We created two separate datasets: a full dataset that included 46 taxa and 2696 genes, and a reduced dataset that included 26 species and 465 loci. The 26 taxa represented each major lineage in figure 2. We chose to create this smaller dataset to reduce the relative number of missing gene sequences, and to allow better partitioning of the data (the full dataset was restricted in partitioning options owing to its size and computational limitations; see discussion below).

Figure 2.

Maximum-likelihood tree estimated in RAxML from the 2696-gene nucleotide dataset. Values on branches are bootstrap values from the nucleotide, amino acid and SH-like amino acid analysis. The four taxon groups chosen for the TREE-PUZZLE mapping analyses are labelled (I–IV) to the right of each clade. The TREE-PUZZLE output (triangle) shows the probability among each possible topology for the defined groups. Clades A–E refer to groups that are discussed in the text. (Online version in colour.)

(b) Phylogenomic analysis

We estimated phylogenies using nucleotide and amino acid data. Maximum-likelihood (ML) analyses were performed using RAxML v. 7.7.7 [36] for nucleotides and ExaML ( for amino acids. We assessed the best partitioning strategy in PartitionFinder v. 1.1.1 [37]. Initial attempts to determine the best partitioning scheme by gene and codon position in PartitionFinder did not complete in a reasonable amount of time. The concatenated nucleotide matrix was partitioned by codon position, because PartitionFinder supported it as being better than an unpartitioned, single model. Despite large computational demands, we also managed to conduct a limited number of ML searches that were partitioned by gene. For the dataset partitioned by codon position, a GTRGAMMA substitution model was applied to the nucleotide dataset for each codon position, and best ML tree searches were conducted using: (i) tree searches starting from a random topology using the ‘-f d’ option (explained further in Kawahara et al. [38]) for 100 ML searches and (ii) tree searches using bootstrap trees as starting topologies for 50 ML searches.

For amino acids, a single partition was used owing to computational limitations.
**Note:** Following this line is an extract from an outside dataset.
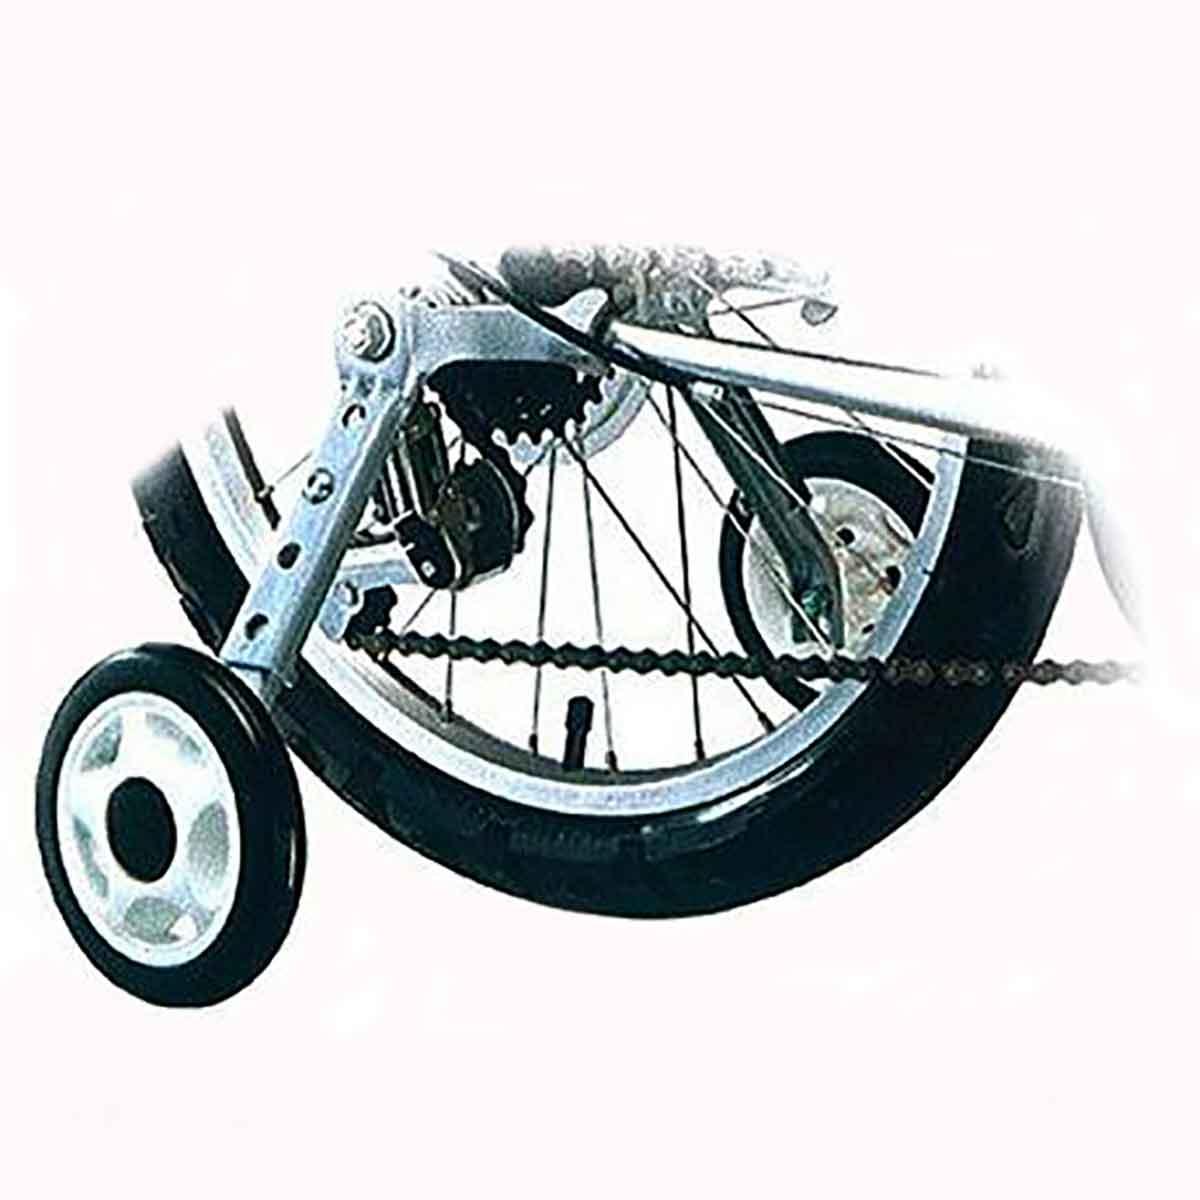 Rodinha Lateral Com Regulagem Importada Para Bicicletas Com Câmbio - Aro 16/24
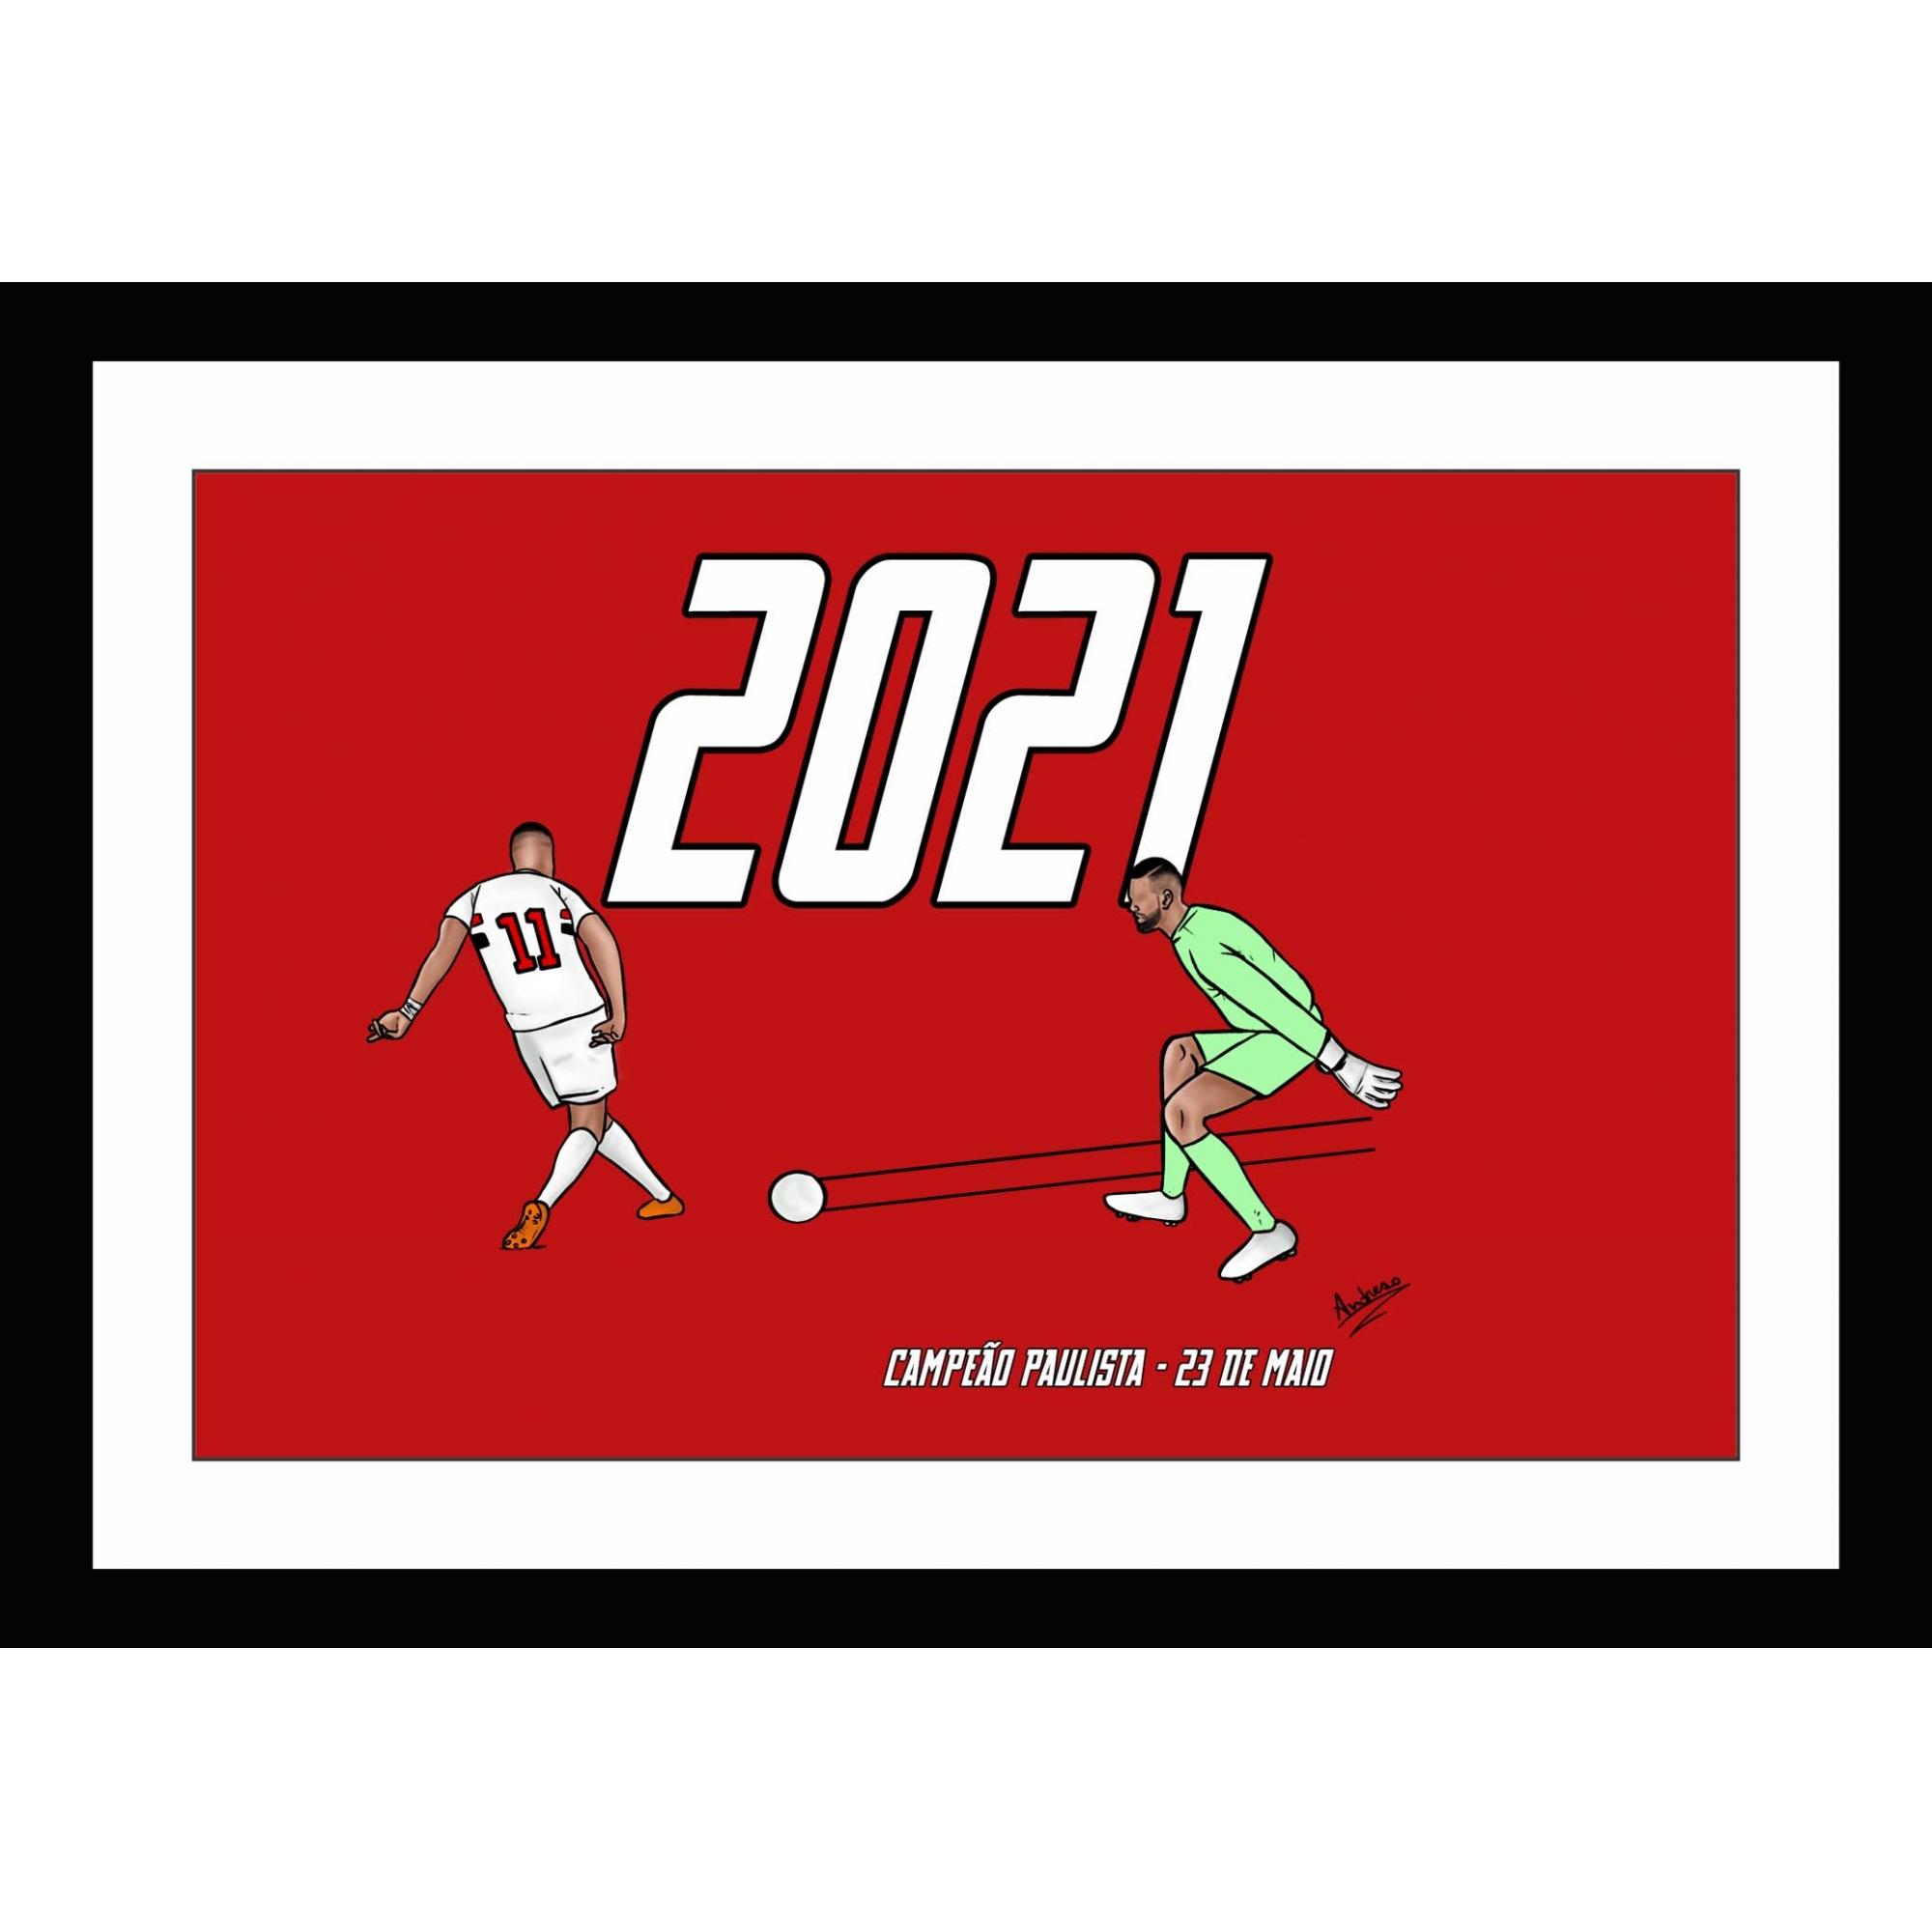 Quadro Renascimento Tricolor Paulistão 2021

PartitionFinder identified the best model of evolution using the BIC score and the search was restricted to six possible protein models (JTT + G, JTT + G + F, LG + G, LG + G + F, WAG + G, WAG + G + F). We constructed 100 starting trees using the ‘-x’ option in RAxML, which served as starting trees for 100 ExaML searches. To thoroughly search for the best tree, we also conducted 50 additional ExaML searches starting with likelihood trees that were constructed from ExaML bootstrap datasets. For both nucleotide and amino acid datasets, the number of bootstrap replicates was determined with the bootstrap stopping criterion [39] to determine a sufficient number of bootstrap replicates for each analysis. A total of 100 bootstrap replicates were run for the nucleotide dataset and 150 for the amino acid dataset. For additional details, see the electronic supplementary material.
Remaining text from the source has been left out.